**Supplied data**
※ ※ ※
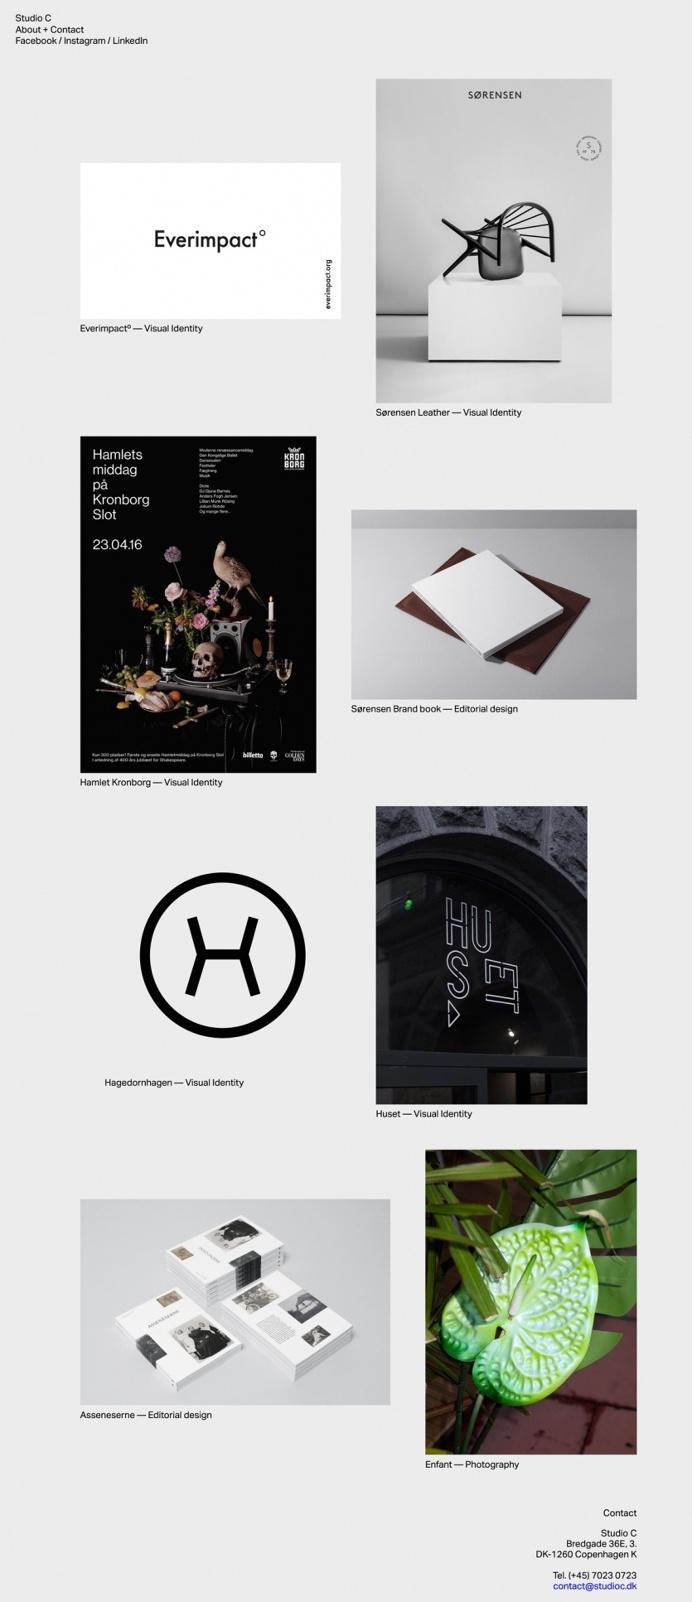 studioc.dk digital agency design studio website webdeesign beautiful beauty best awwward award awwwards nice minimal inspiration inspire bes
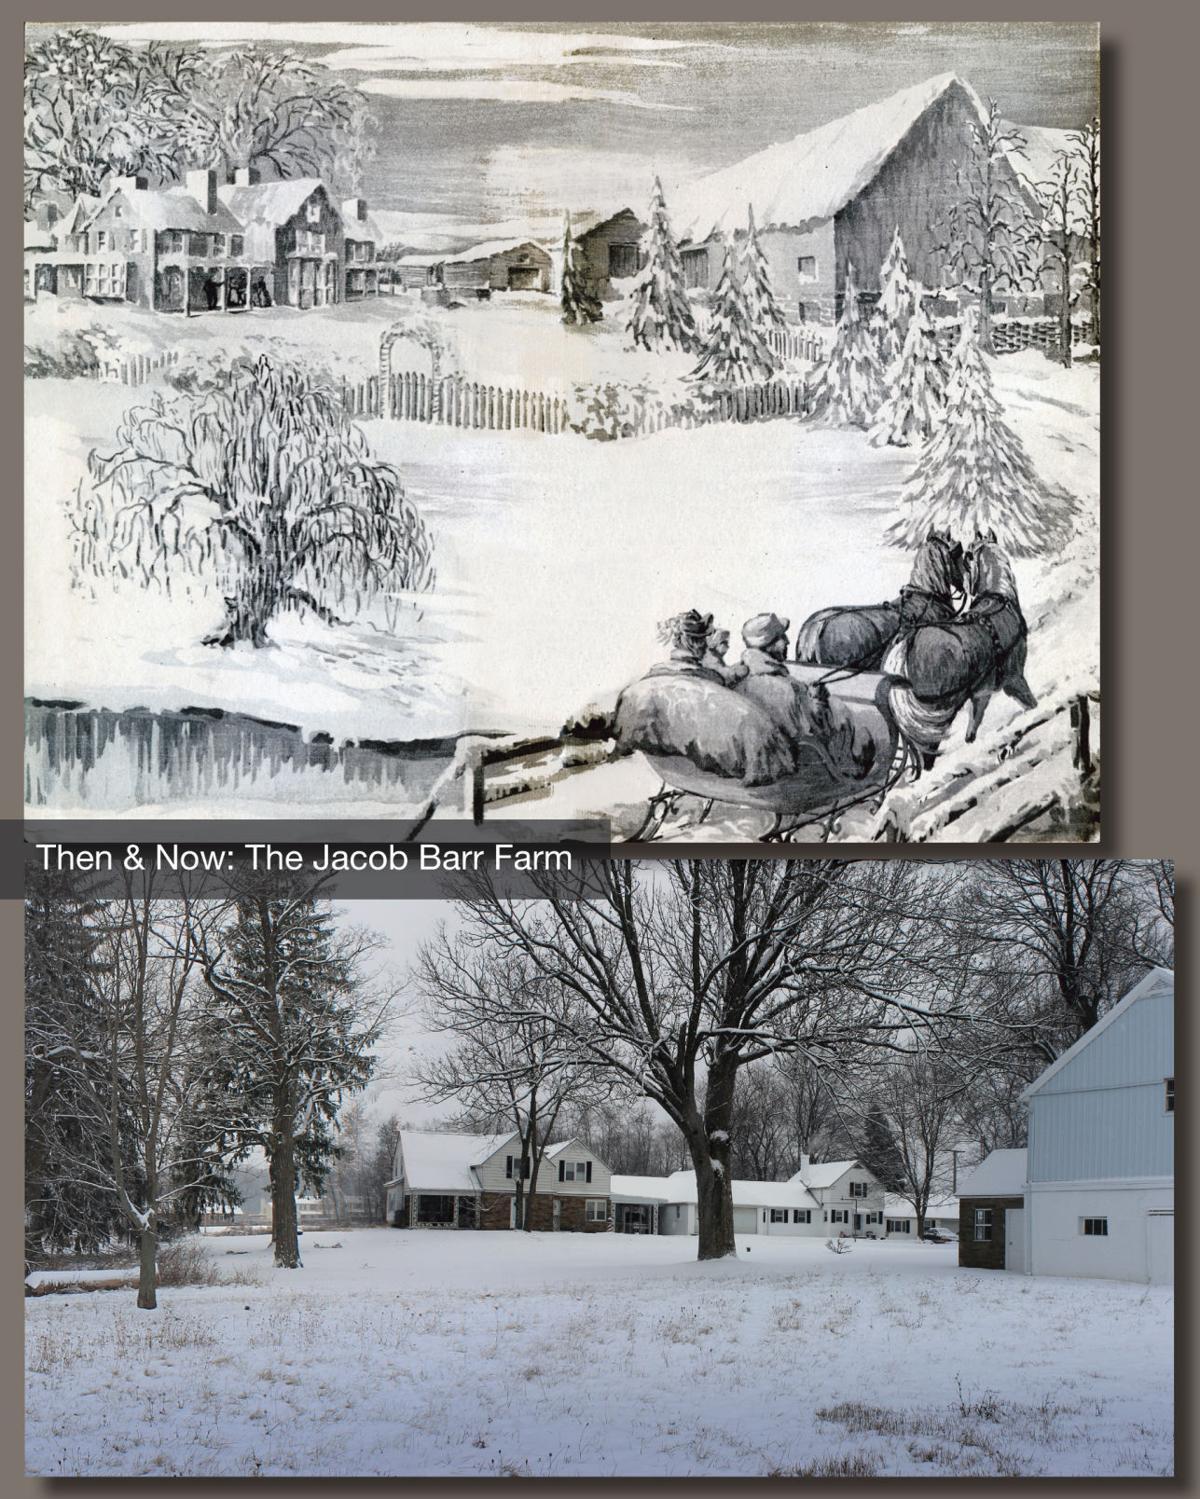 Barm Farm: Then & Now
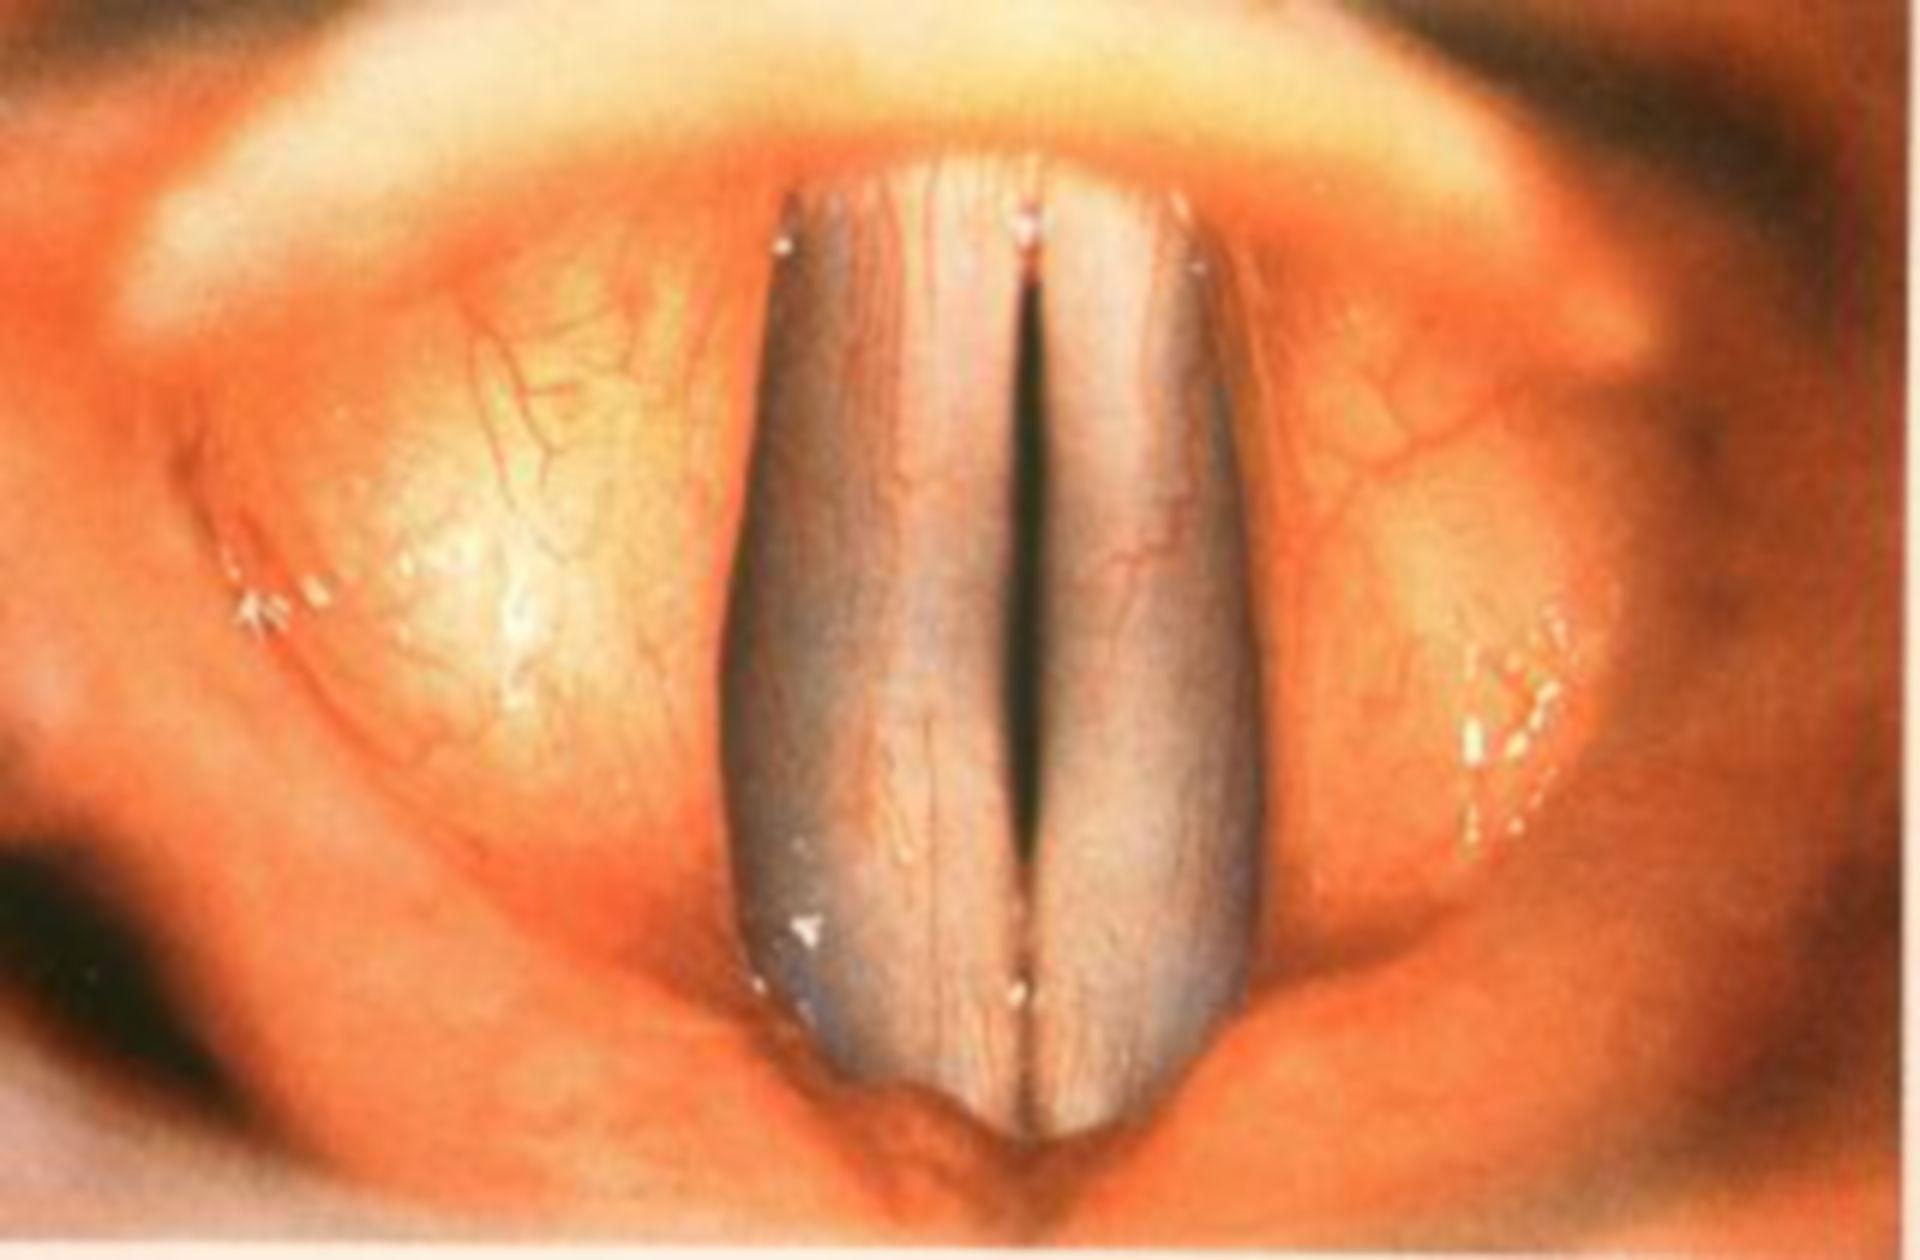 Normali reperti laringei
※ ※ ※
**Work request**
Output all of the data exactly. Skip the pictures.

**Your solution**
 studioc.dk digital agency design studio website webdeesign beautiful beauty best awwward award awwwards nice minimal inspiration inspire bes
 Barm Farm: Then & Now
 Normali reperti laringei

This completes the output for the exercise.